Давно проснувшийся, ожидавший рассвет мальчик осторожно выглянул из чулана, целиком заполненного кроватью, шкафчиком и стулом, прислушался к храпу спавших на диване мужчины и женщины и, сжимая в кулачке вырванный из тетради листик бумаги и авторучку, тихонько пробрался к заполненному остатками вчерашнего веселья столу. Стараясь не шуметь, сел за стол, привычным движением переставил в сторону пустую бутылку из-под водки, грязную тарелку, вилку, и, положив на освободившееся место бумажный лист, начал писать:
«Дорогой папочка! Скоро я закончу первый класс. Учусь хорошо, Анна Николаевна ставит меня в пример и обещает сфотографировать на школьную «Доску почета». Если не удается уроки выучить, когда мамкины друзья приходят, иду пораньше в школу, делаю там письменные задания и все успеваю.
Живу я хорошо. Дядя Вова привез маме картошку, я научился ее варить и все время сыт. А на Новый год мама купила мне в «Секонд хенде» почти новые курточку и брюки, так что мне тепло. И мама сейчас бьет меня редко, только когда сильно пьяная. Но я залезаю под кровать и она меня не достает, а швабра толкает не сильно.
Дорогой папочка, я очень по тебе скучаю! Помнишь, как ты водил меня в зоопарк и кормил мороженным?! А как здорово было кататься на карусели!
А еще ты обещал свозить меня на море. У меня есть картинка из журнала, море такое красивое.

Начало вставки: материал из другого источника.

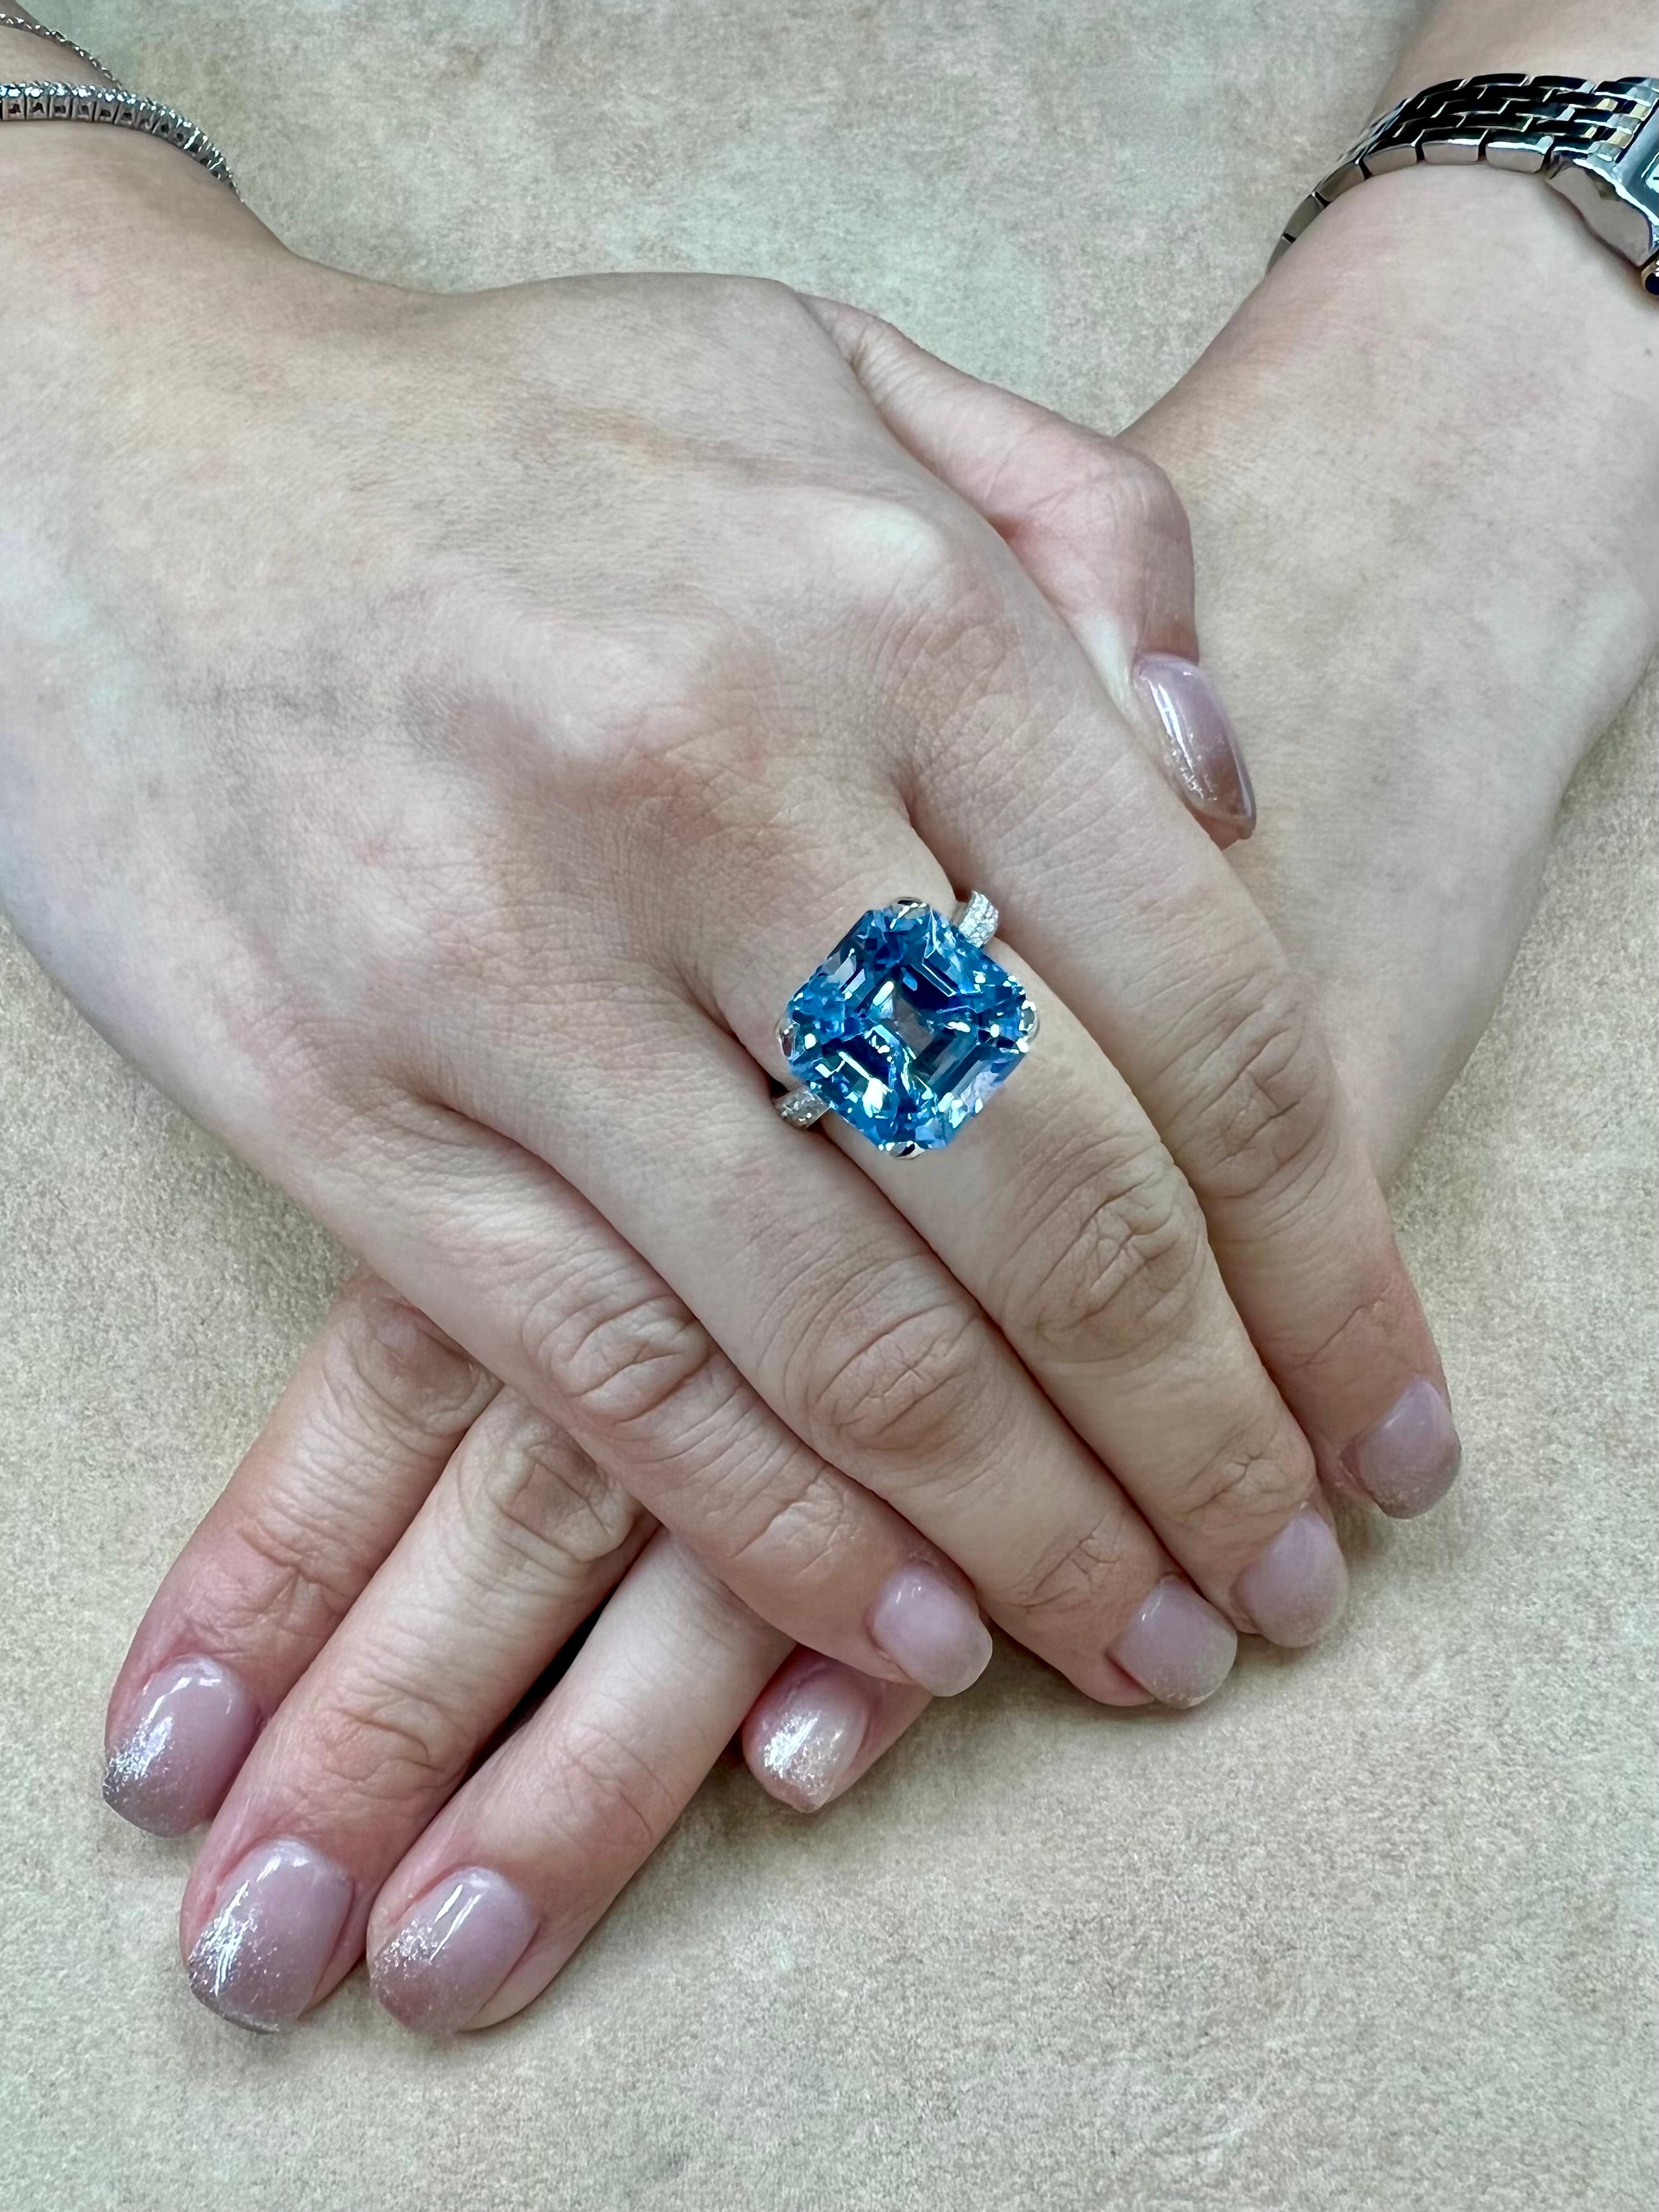 Check out the HD video! Certified natural aquamarine (Beryl) This is a super special piece in material and design. There are many excellent qualities to this piece of fine jewelry! First the Asscher cut Aquamarine has the very desirable Santa Maria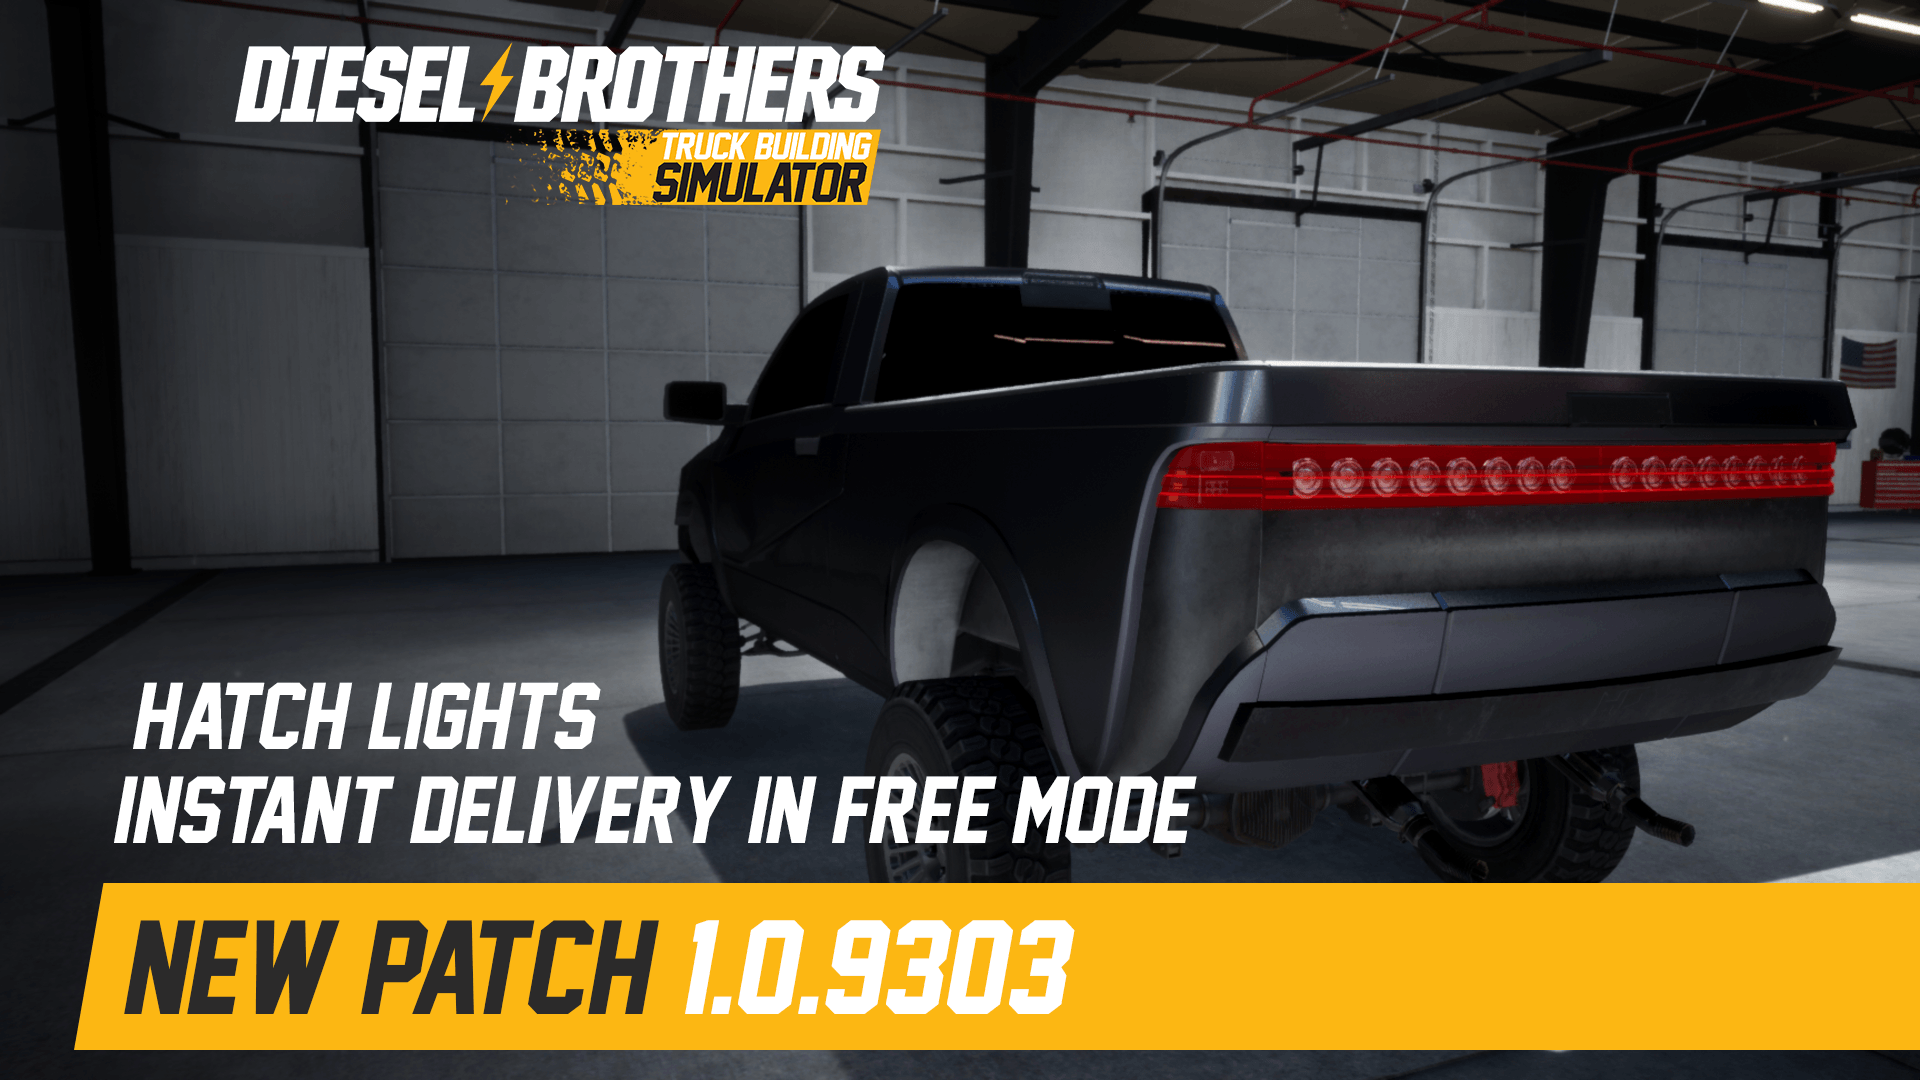 Diesel Brothers: Truck Building Simulator update for May 2019

Дорогой папочка, как жаль, что ты уехал. Я знаю, это из-за мамки. Я слышал, как вы ссорились и сильно ругались. Но она все равно тебя любит.
Недавно обняла меня и плакала, о тебе вспоминала. И я тоже плакал. Нам без тебя плохо. А то, что к ней друзья приходят, так они добрые. Дядя Миша позавчера мне две гривны дал, я на них конверт купил. Приезжай, папочка! Я всегда буду тебя слушаться, и полы подметать. Мы без тебя пропадем.
Приезжай, буду тебя ждать!
Твой сын Саша».
Положив письмо в конверт, мальчик заклеил его, написал адрес: «Город Киев, Иванову Сергею Михайловичу». Секунду подумав, дополнил: «Папе».
Бросив взгляд на спавших, надел старенькую курточку; придерживая рукой скрипнувшую дверь, осторожно выбрался во двор, потом на улицу и побежал к висевшему на стене магазина почтовому ящику.
РАССТРЕЛ
Памяти семьи Лихомановых.
В комендатуру их привезли на большой военной машине, где, кроме Витьки, Светки, мамы Праськовны Иосифовны, деда Владимира и бабы Устиньи, сидели семь немецких солдат с автоматами и злющими овчарками.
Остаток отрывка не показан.